Lou Harrison: American Musical Maverick, by Bill Alves and Brett Campbell, available on Amazon.

By Bill Alves

In honor of the centennial of composer Lou Harrison, composer and author Bill Alves is blogging about the Harrison works on the concerts of MicroFest 2017. Alves and Brett Campbell are authors of the new and definitive book on Harrison: Lou Harrison: American Musical Maverick, and much of this information comes from that volume.

Even among Lou Harrison’s many delightful transcultural masterpieces, his Music for Violin and Various Instruments, European, Asian, and African represents a special turning point. Harrison composed it in 1967 for Gary Beswick, a violinist at San Jose State University, where Harrison had just started teaching. That fall, Harrison was working in the music building when the acrid smell of tear gas wafted in. State police in riot gear surrounded and were closing in on San Jose State students protesting the horrific use of napalm in Vietnam. The urge to celebrate and protect the treasures of other cultures at a time when the US military was destroying them prompted Harrison’s uncharacteristically long title and multicultural menagerie of instruments.

But an even more important influence was his meeting that year of the person who would be his life partner, Bill Colvig. Colvig was a musician but also a professional electrician with a knack for anything mechanical. He looked at Harrison’s previous experiments building or modifying instruments and immediately saw how they could be improved. He began building a set of mbiras, African plucked metal tine instruments. These instruments, which show up nowhere else in Harrison’s prolific output, create cascades of bell-like tones that provide an entrancing backdrop for those unforgettable Harrison violin melodies in the third movement of Music for Violin and Various Instruments. Although East Asian and Indonesian influences show up much more frequently in Harrison’s works, he had a long familiarity with the mbira in the form of its Cuban cousin, the marimbula, a kind of bass mbira with a large box resonator. In the 1940s Harrison and his friend John Cage created the first concert series devoted soley to percussion ensemble music, often playing works of Cuban composers such as Amadeo Roldán. A rare photograph of one of their concerts at Mills College clearly shows a marimbula at the far left very similar to the one used in Music for Violin and Various Instruments.
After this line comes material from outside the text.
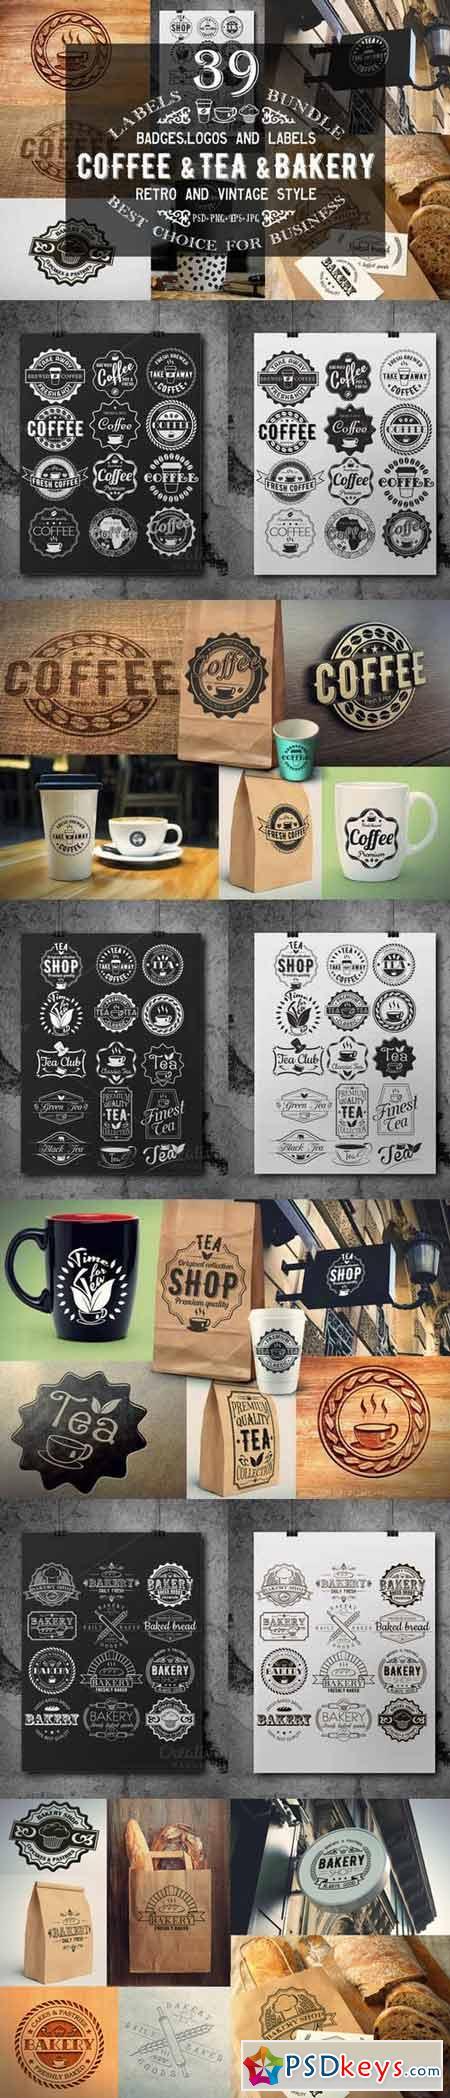 39 Coffee,Tea and Bakery logo bundle 367731

The percussion concert of Mills College, July 18, 1940, with a marimbula at far left. The three men are, from left to right, Harrison, John Cage, and William Russell. Photo by Mary Edwards and Norman Donant from the Dance Observer August/September 1940.

The quick first movement is in the form of a ductia, a medieval form that was a favorite of Harrison’s, in which whirling dance tunes are stitched together in couplet form. This  violin melody is accompanied by a Chinese zither, drums, and a reed organ, sometimes playing percussive tone clusters in the manner of Harrison’s teacher, Henry Cowell. In the second movement, the reed organ adopts the role of the Japanese sho, a mouth organ that plays luminous chordal drones in ancient gagaku court music. In front of this scrim, the violinist plays an enchanting melody that includes pitches of the seventh and eleventh harmonics, pure tones of the harmonic series that lie a startling distance away from conventional tempered notes of the Western scale. Harrison’s advocacy for just intonation, like his inclusivist approach to cultural influences and pacifist ideals, would characterize much of his work for the rest of his long career. But his Music for Violin and Various Instruments, a ravishing milestone in that repertory, remains rarely performed because of the difficulty in bringing together this unusual set of instruments. Now at the lovely Villa Aurora, John Schneider and friends will be resurrecting it along with a panoply of Harrison’s other unforgettable works.